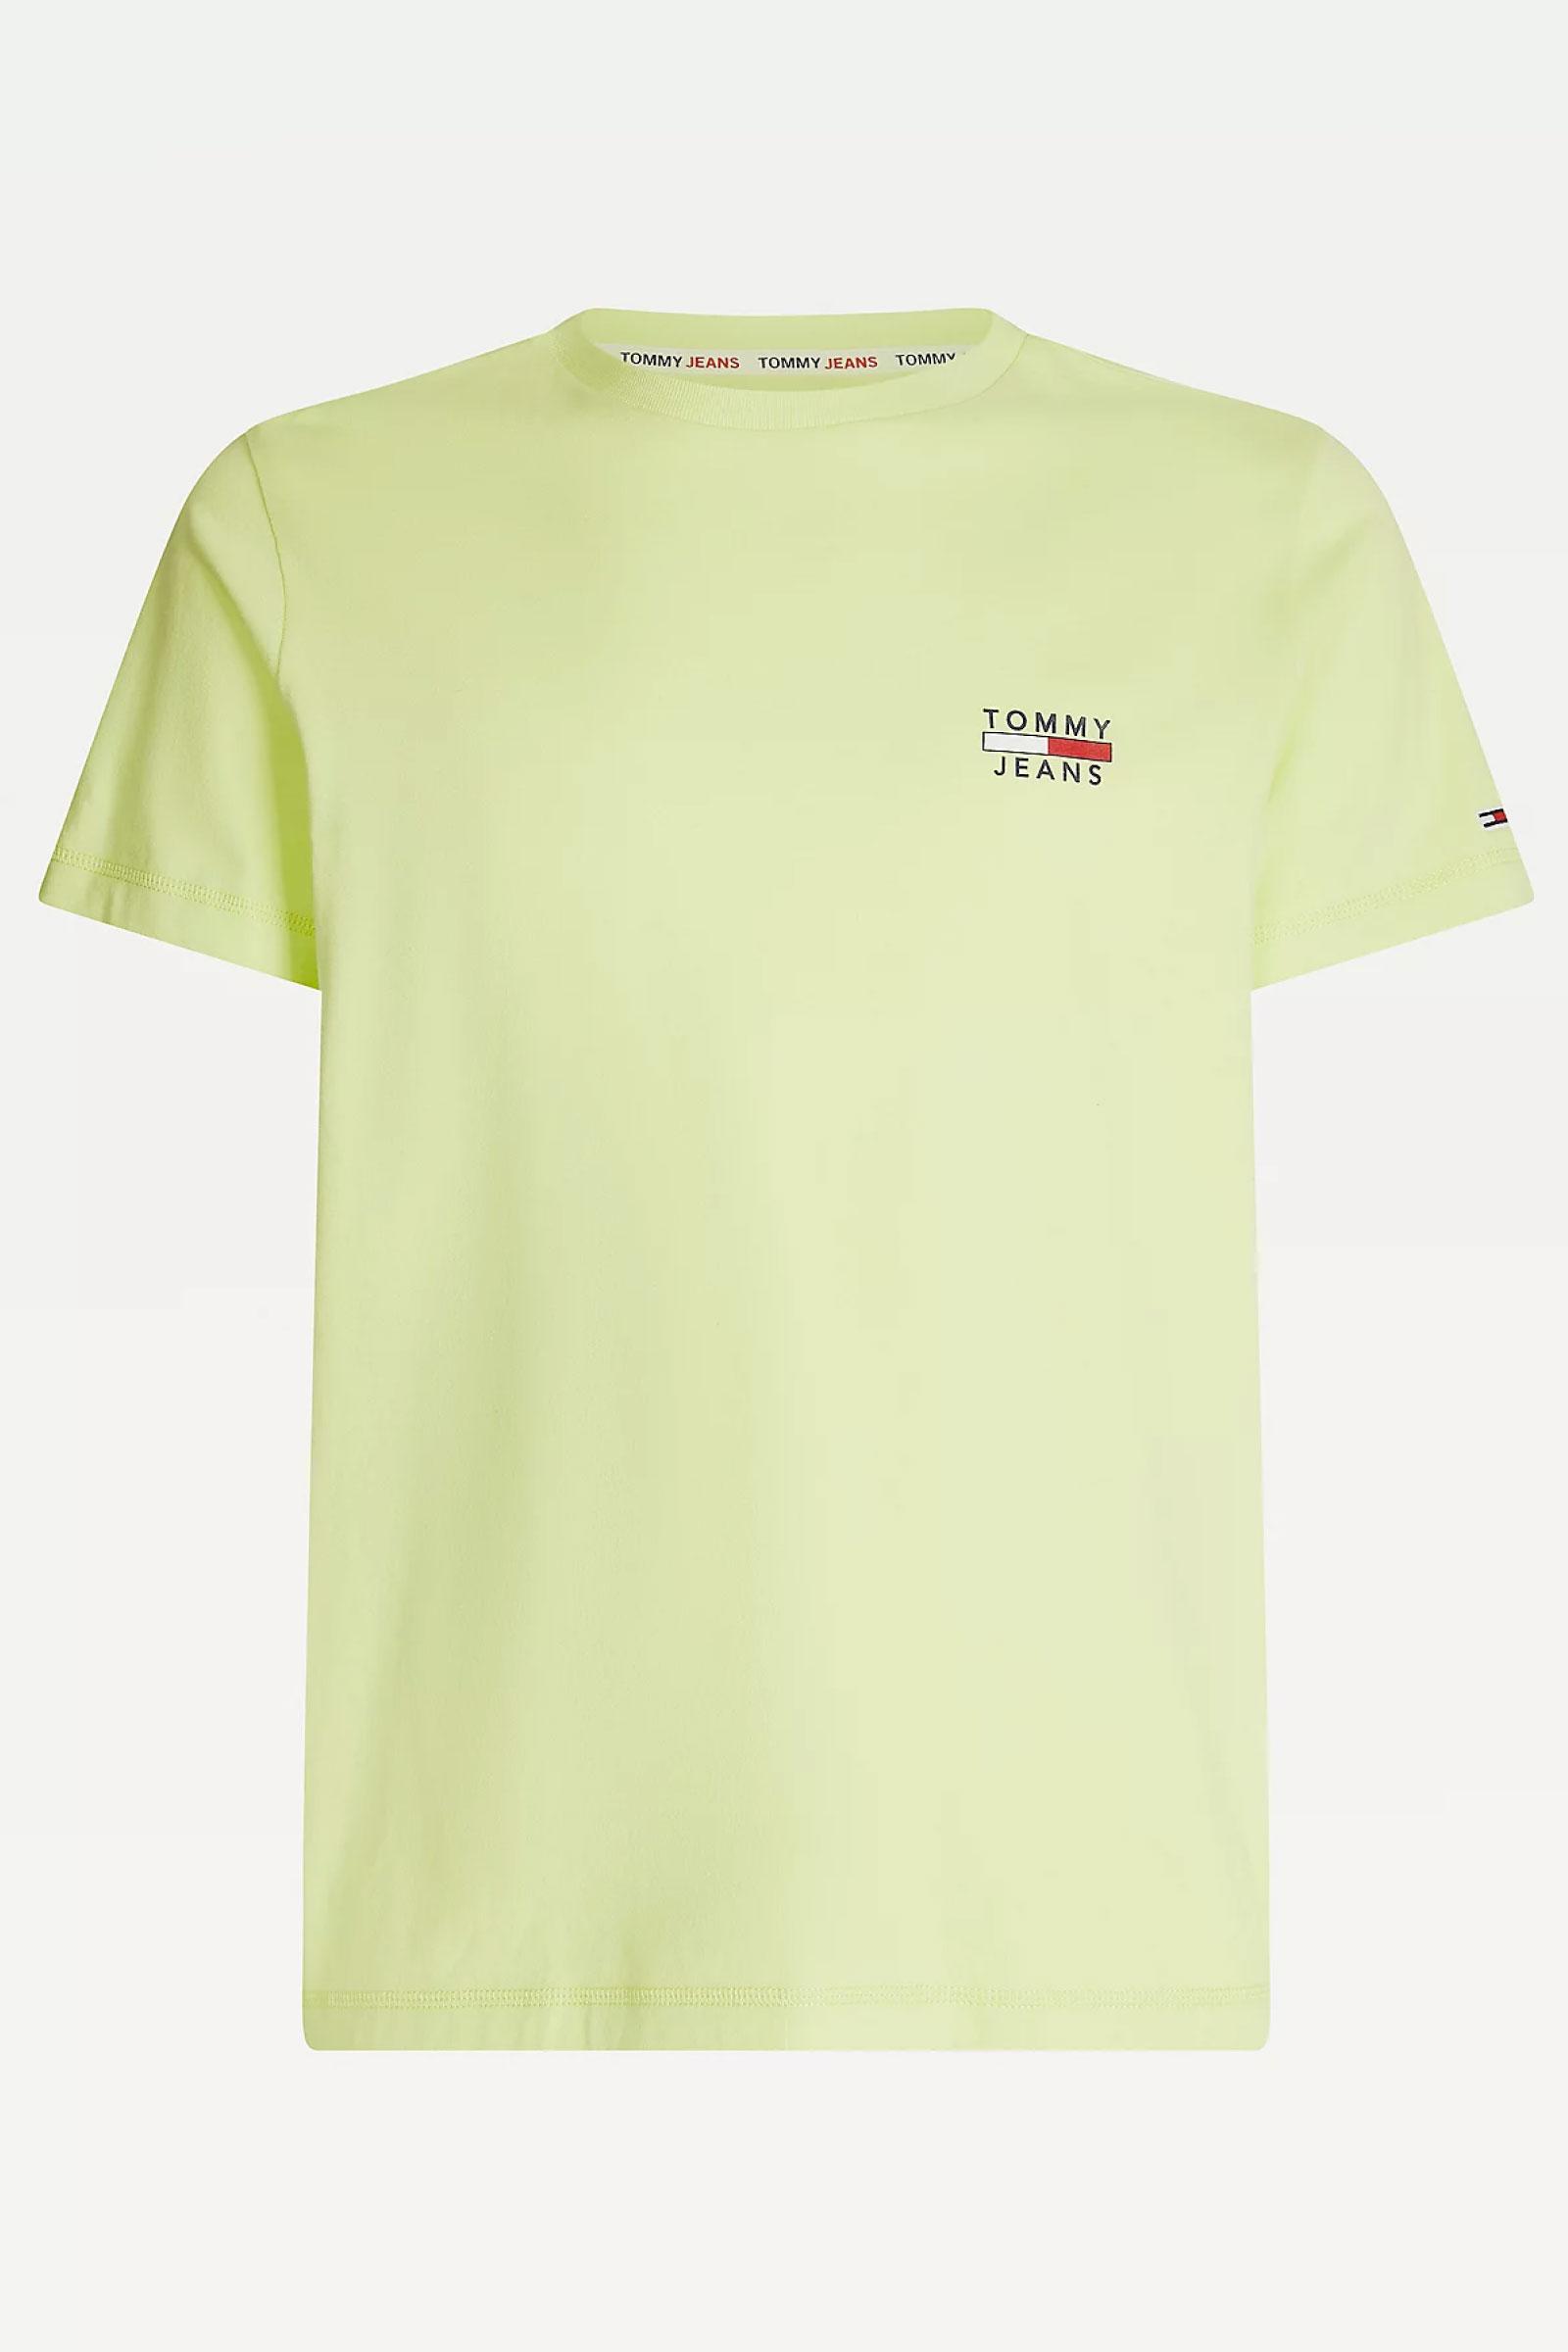 TOMMY JEANS T-Shirt Uomo TOMMY JEANS | T-Shirt | DM0DM10099LT3
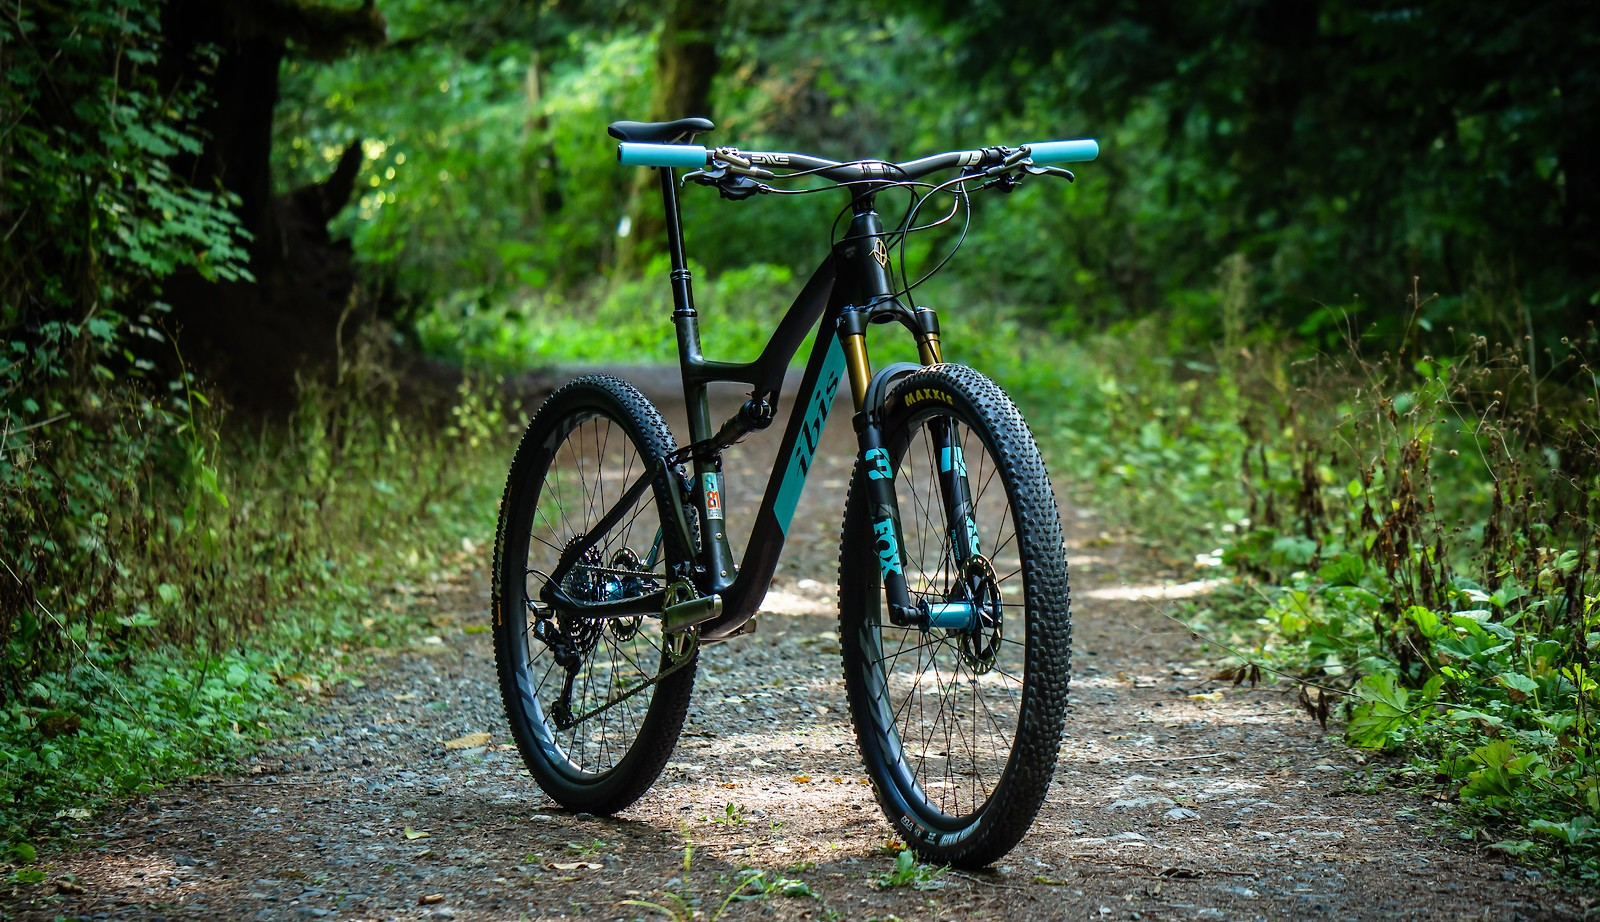 Ibis Exie 40th Anniversary - Vital Bike of the Day September 2021 - Mountain Biking Pictures - Vital MTB
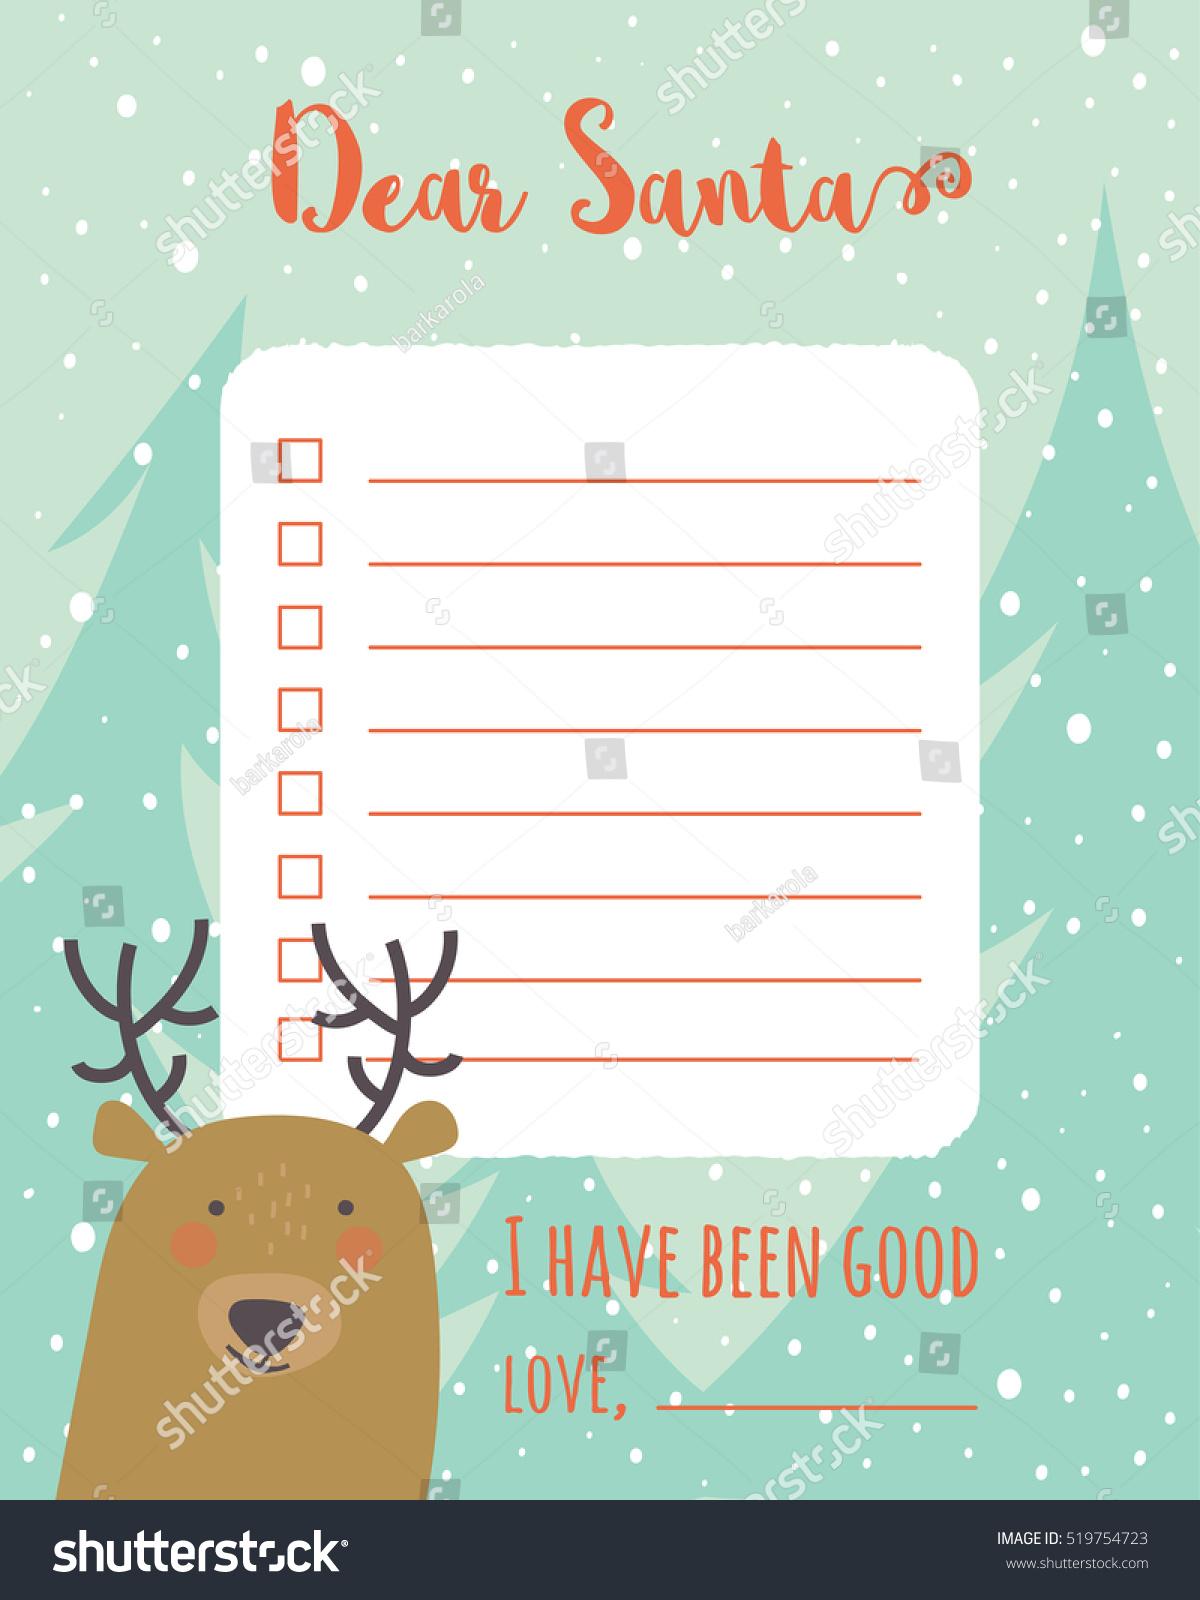 Cartoon Christmas Wish List Christmas Trees Stock Photo (Photo ...

| Problem description |
Retype all of the listing word for word and skip the pictures.

| Your response |
 TOMMY JEANS T-Shirt Uomo TOMMY JEANS | T-Shirt | DM0DM10099LT3
 Ibis Exie 40th Anniversary - Vital Bike of the Day September 2021 - Mountain Biking Pictures - Vital MTB
 Cartoon Christmas Wish List Christmas Trees Stock Photo (Photo ...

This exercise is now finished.